Bouillon and Leg Cramps

Over the years, especially in recent years, I’ve had a recurring problem with painful leg and foot cramps first thing in the morning, sometimes so severe that when I stood up my big toe would be pointing 80° up in the air. If you search Google for cramp remedies, you’ll find things that work like magic for some people but are no help at all for others.
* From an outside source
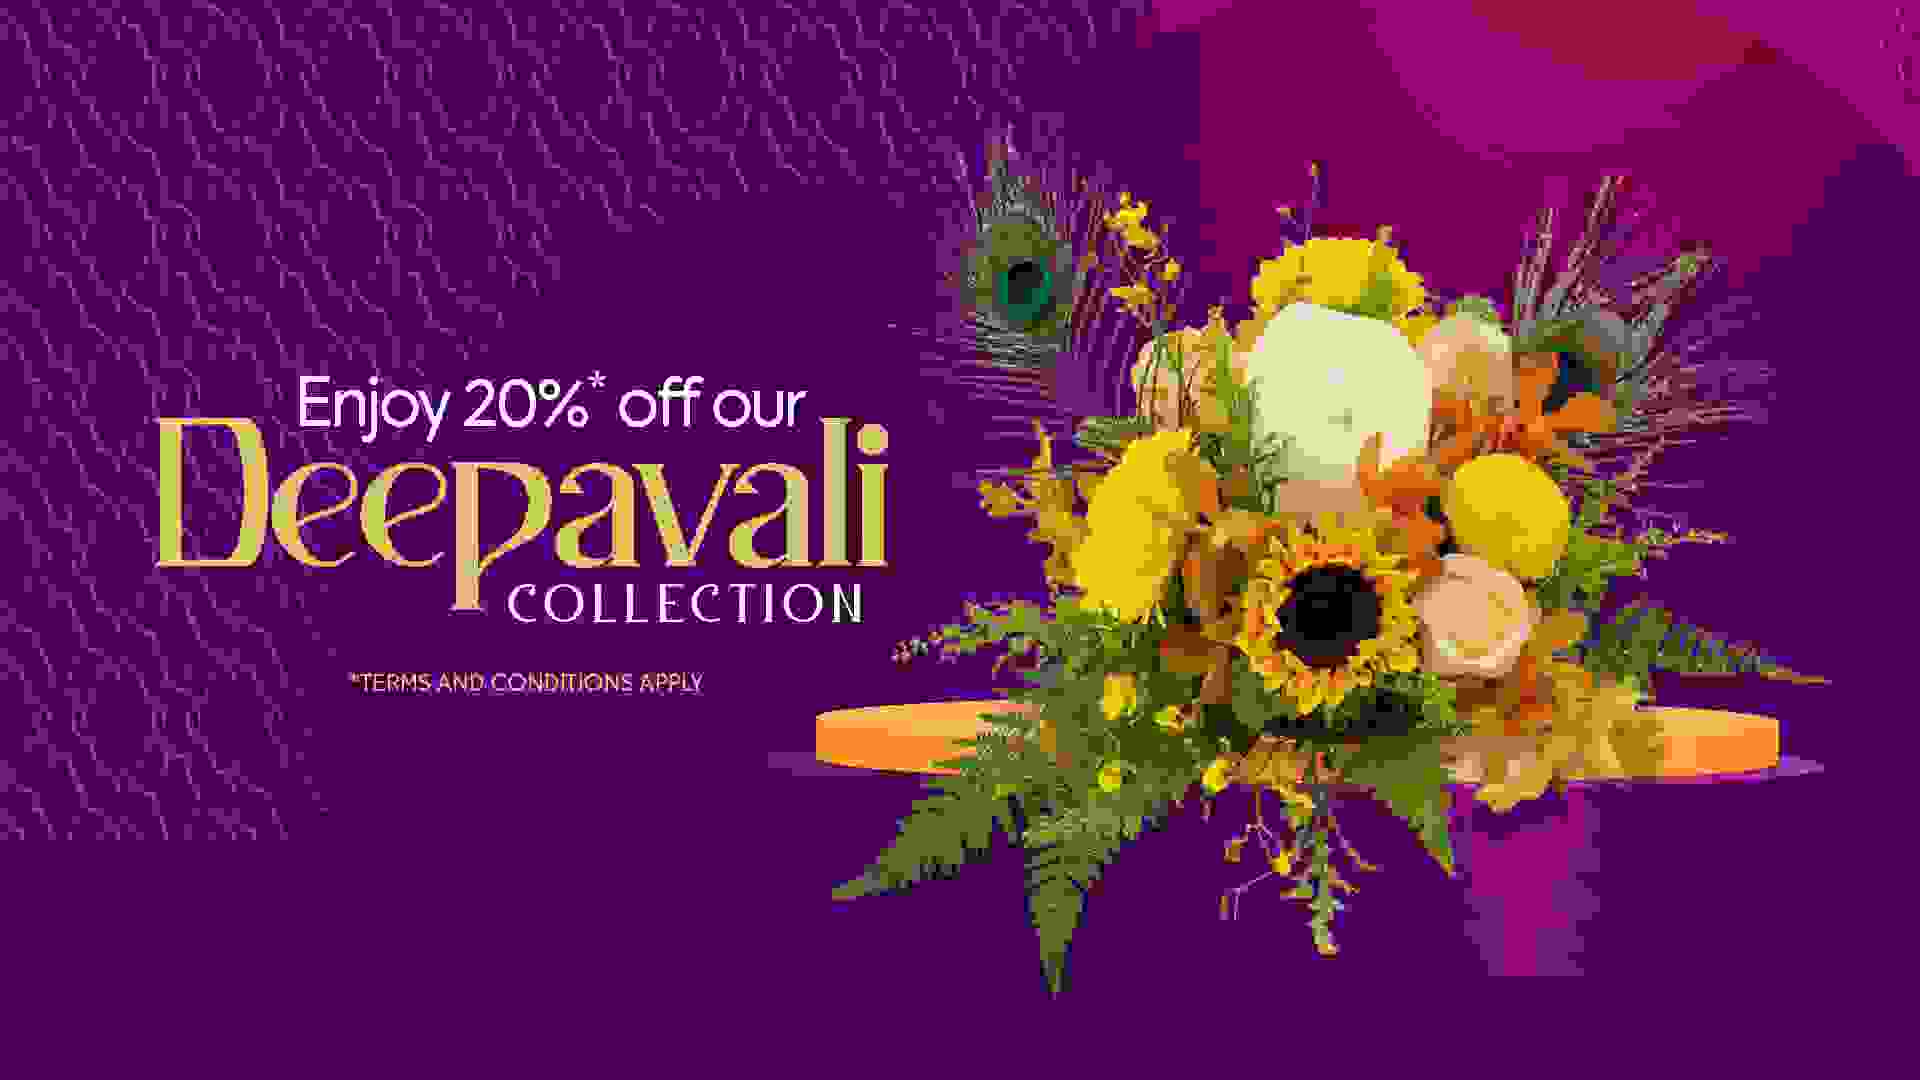 Enjoy 20% off Deepavali Collection, with a minimum spending of $30 per order!
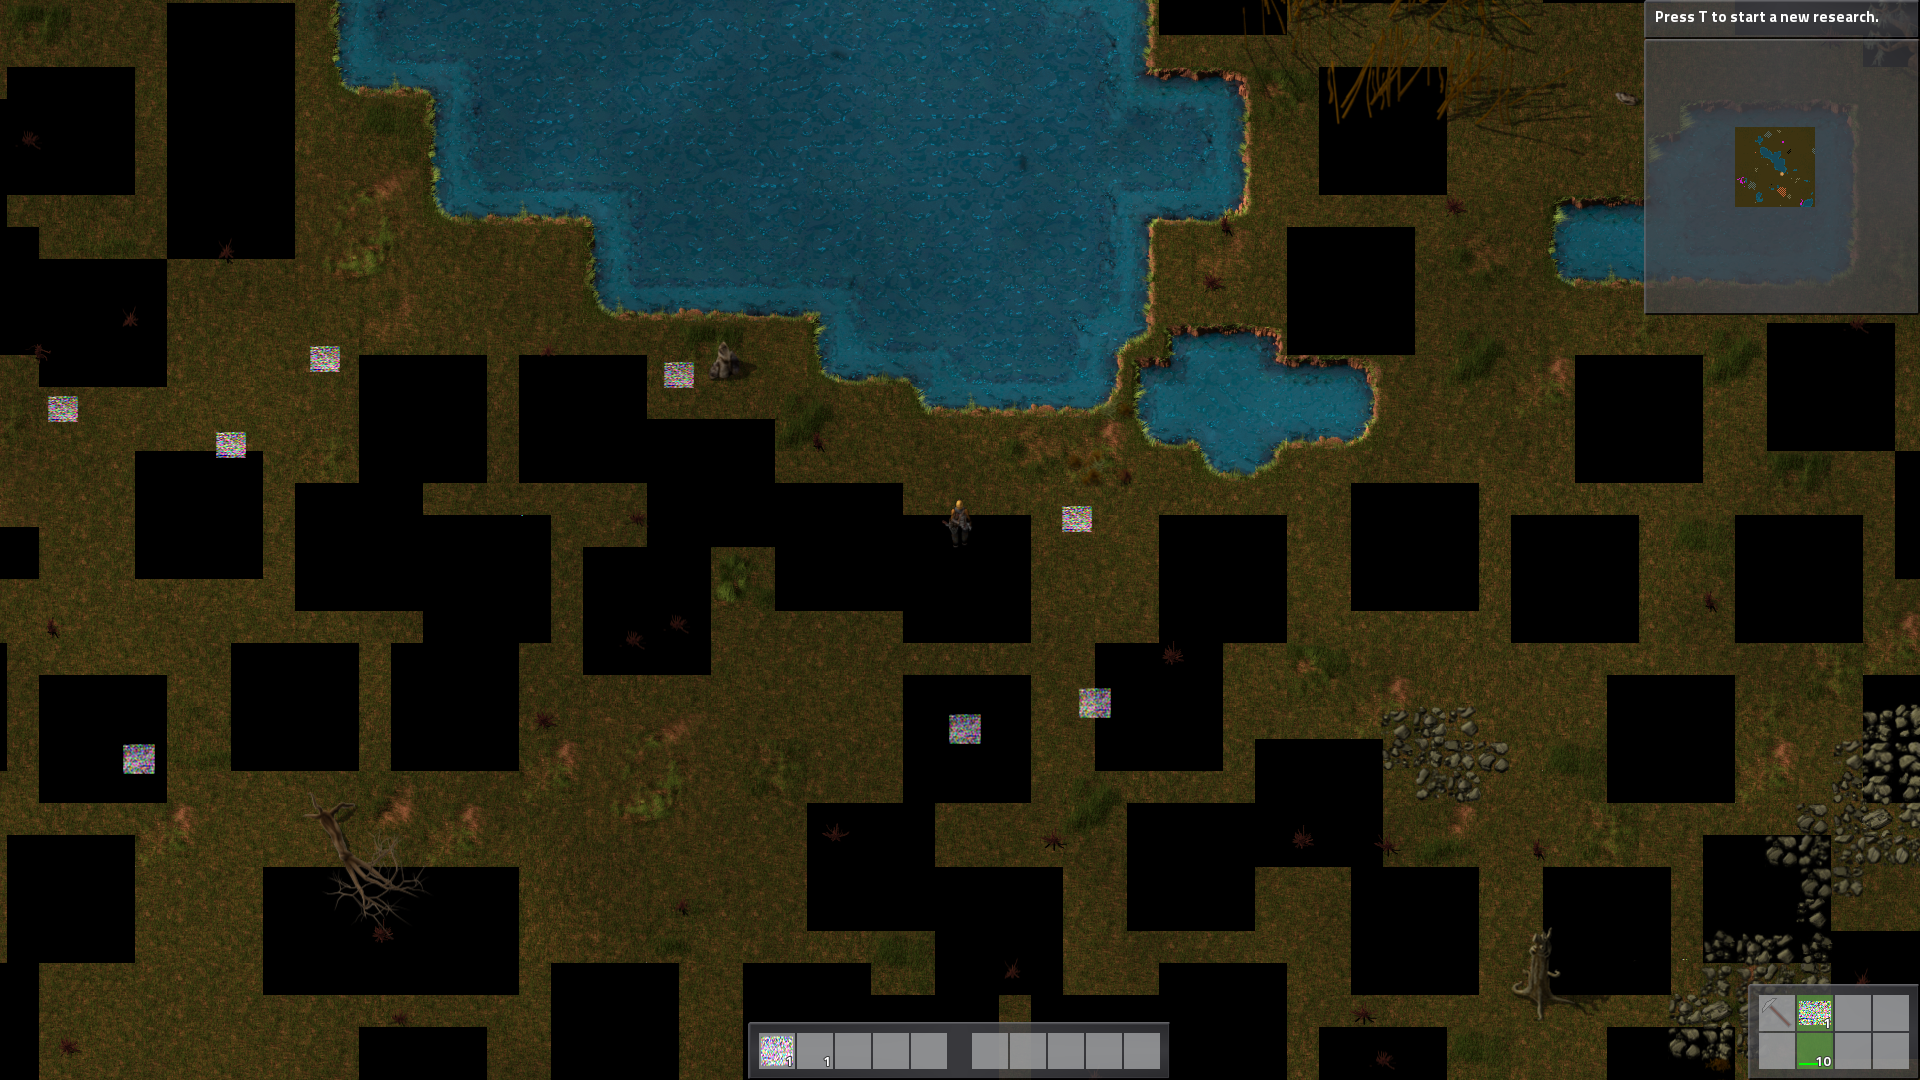 factorio graphic glitch at new game start without moving or pressing anything.

Often the reported solution is either supplementing with an electrolyte, drinking more water, or stretching, massaging, and/or strengthening the affected muscles.

I think I’ve figured out, tentatively, that increasing my sodium intake works for me, or at least it seems to have worked over the last couple of months.

From experiment and observation, I’m pretty sure I’ve identified caffeine as the likely cause, or at least one strongly implicated precursor to my cramps. Whether this is because caffeine interferes with electrolyte absorption, or it has a dehydrating effect, or it’s some combination or some other mechanism entirely, I don’t know. All I know is, based on evidence so far, I seem to get the cramps when I’ve been consuming caffeine, and not when I haven’t.

The problem is, I sometimes have a hard time functioning without the stimulant effect of caffeine. I mean a really hard time. Do I “need” caffeine? That’s debatable. Certainly I have a strong wish not to abstain entirely.

I tried replacing my regular salt with “Morton Lite” salt, which is half sodium and half potassium. That didn’t help. I tried magnesium supplements. That didn’t help either.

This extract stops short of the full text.